What I find so irritating is the idea that the moment a man acquires any power, his wife must drop everything and “support” him. Any desires or ambitions she may have harboured automatically fall by the wayside as she is co-opted into the wider entourage that surrounds her politico husband. It consigns women to an accessory, an afterthought. It implies that whatever she was doing beforehand just wasn’t important. The minute her husband is even vaguely important, suddenly what she wants just isn’t important any longer.

On the one hand, of course life is going to change when your husband becomes head of a government. On the other, why must your life change so dramatically? Why must SamCam quit her job? There are not that many times when she will be needed to make up the numbers at state dinners (which are outside normal work hours anyway), and regulations could easily be put in place to make sure that her employers didn’t benefit from her very direct relationship with the seat of power. He already has a staff who are able to cater to his needs, so what exactly is the wife expected to do?

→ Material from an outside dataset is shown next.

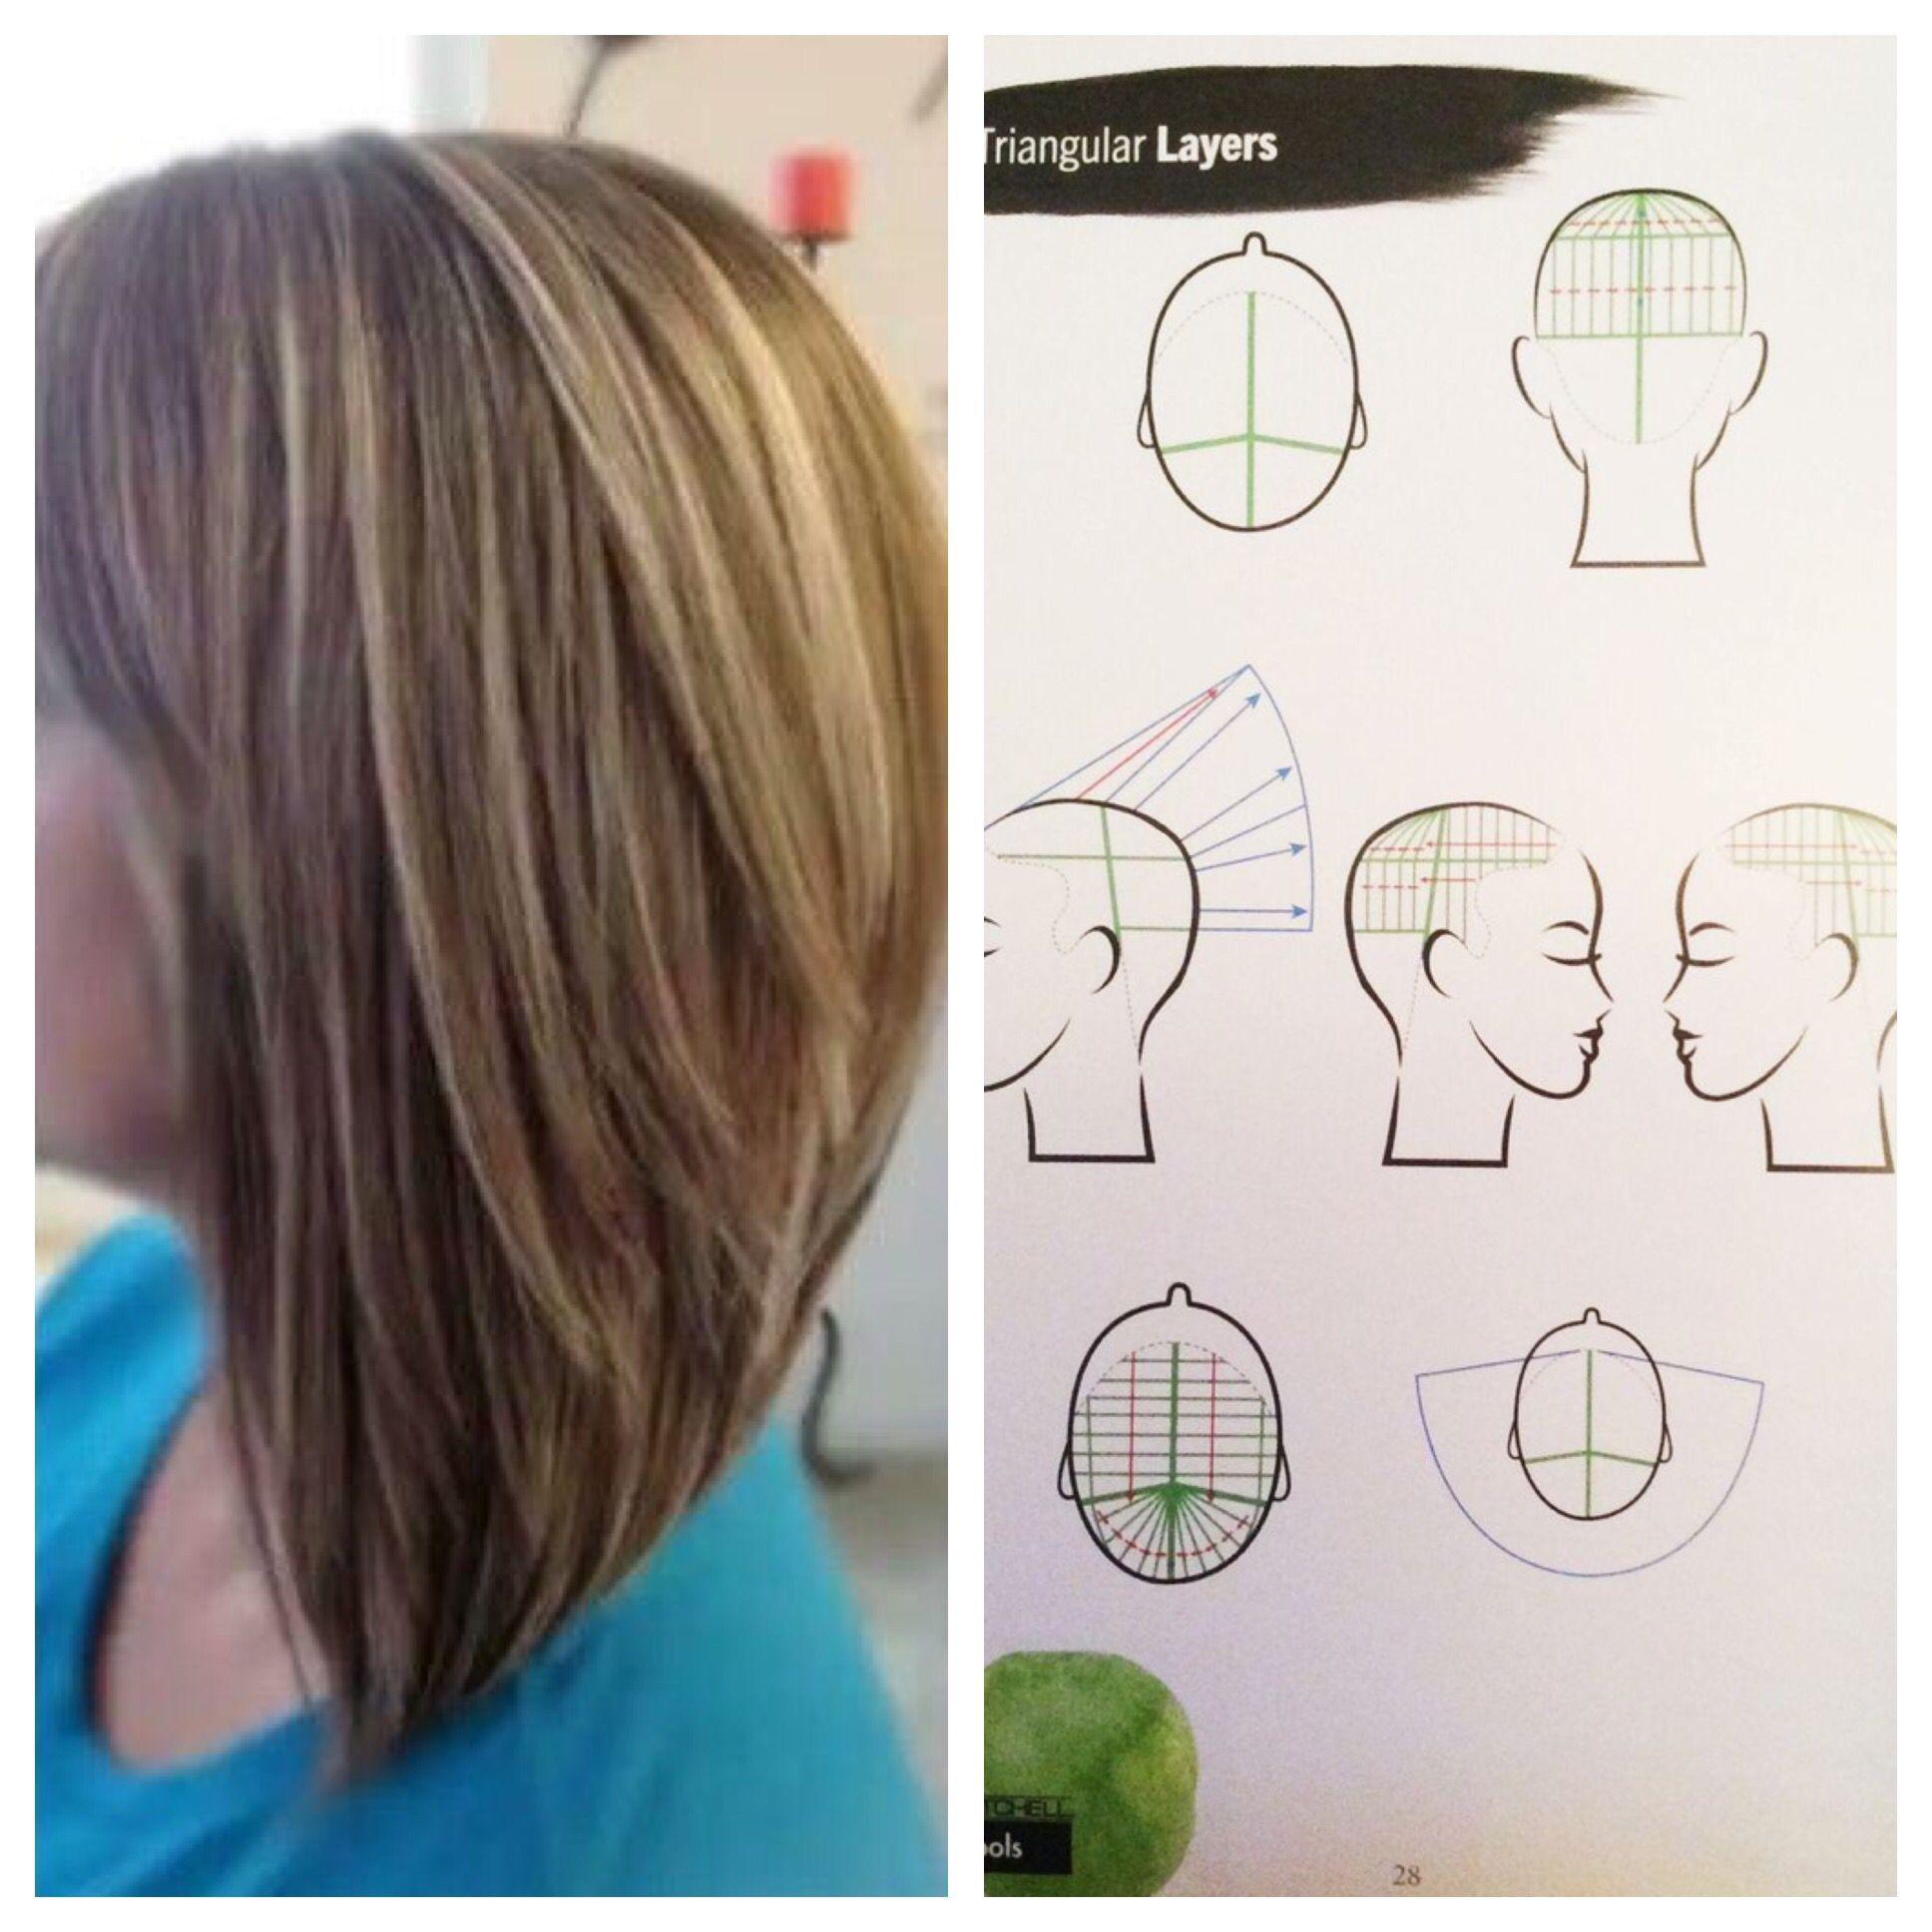 180 degree haircut diagram how to tie a tie diagram wiring diagrams 180 degree haircut diagram how to tie a tie diagram [ 1936 x 1936 Pixel ]

This stinks. It looks to me like unpaid work, the reason why women who stay at home are undervalued and disparaged when the MRA crowd get going. If society really expects a woman (or man; hello, Dennis Thatcher) to drop everything in deference to their politically-minded spouses career, I reckon that requires a formal post and job description. And with that, a commensurate salary. You want the wifey role filled? Then pay up.

I just hope Miriam Clegg keeps on keeping on.

[Image via the Guardian]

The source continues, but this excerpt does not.